= Helly space =

In mathematics, and particularly functional analysis, the Helly space, named after Eduard Helly, consists of all monotonically increasing functions ƒ : [0,1] → [0,1], where [0,1] denotes the closed interval given by the set of all x such that 0 ≤ x ≤ 1. In other words, for all 0 ≤ x ≤ 1 we have 0 ≤ ƒ(x) ≤ 1 and also if x ≤ y then ƒ(x) ≤ ƒ(y).

Let the closed interval [0,1] be denoted simply by I. We can form the space I^{I} by taking the uncountable Cartesian product of closed intervals:
$I^I = \prod_{i \in I} I_i$
The space I^{I} is exactly the space of functions ƒ : [0,1] → [0,1]. For each point x in [0,1] we assign the point ƒ(x) in I_{x} = [0,1].

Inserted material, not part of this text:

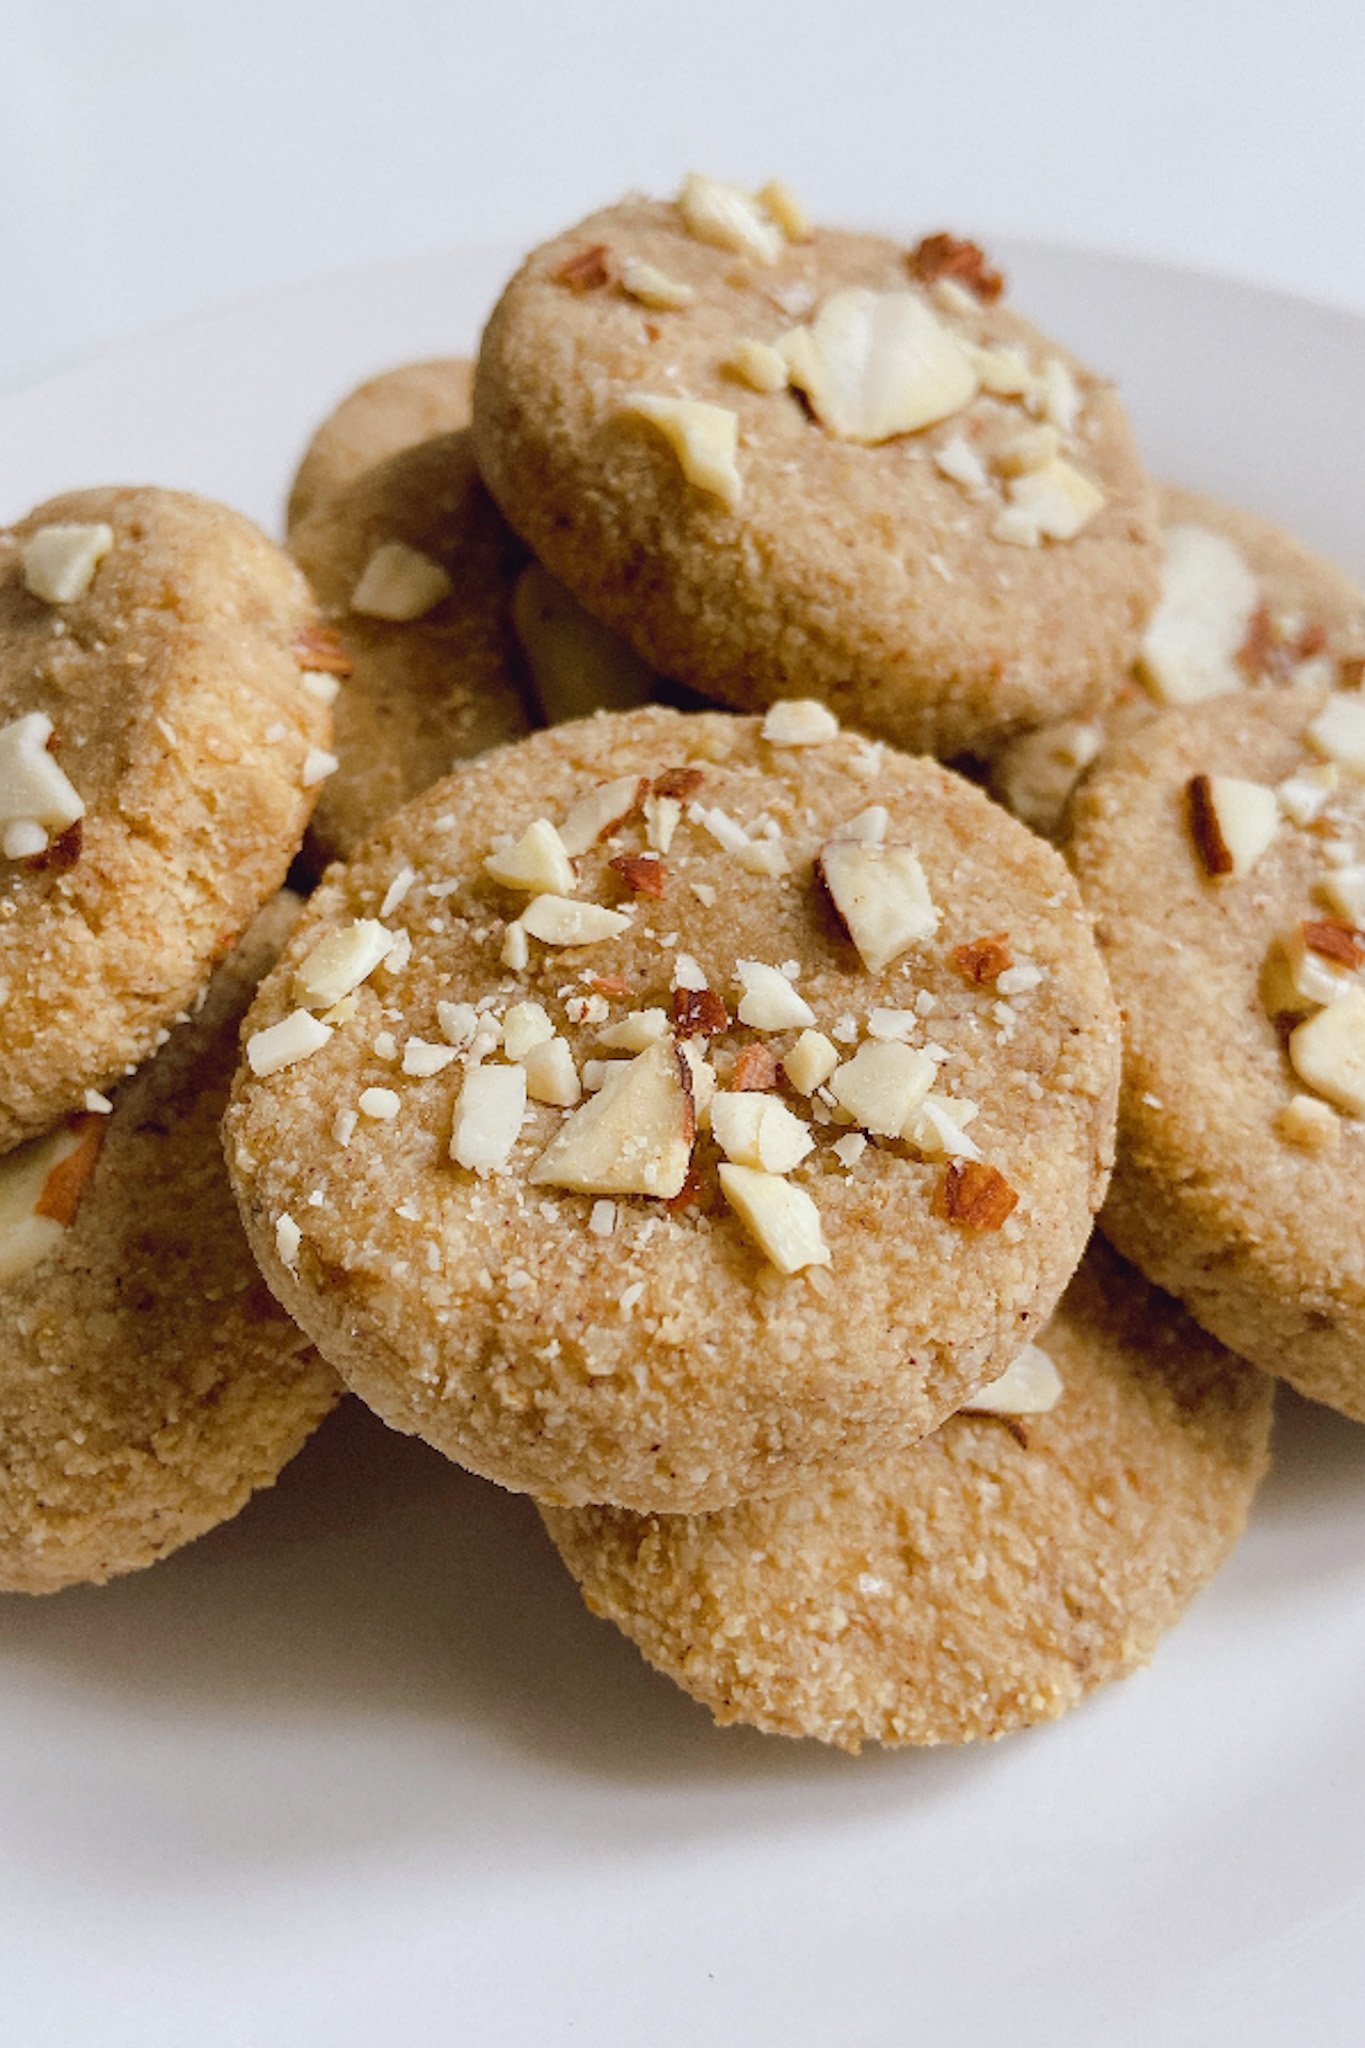 Almond cookies served on a plate

Helly's space is convex as a subset of $\mathbb{R}^{[0,1]}$.

== Topology ==

The Helly space is a subset of I^{I}. The space I^{I} has its own topology, namely the product topology. The Helly space has a topology; namely the induced topology as a subset of I^{I}. It is normal Haudsdorff, compact, separable, and first-countable but not second-countable.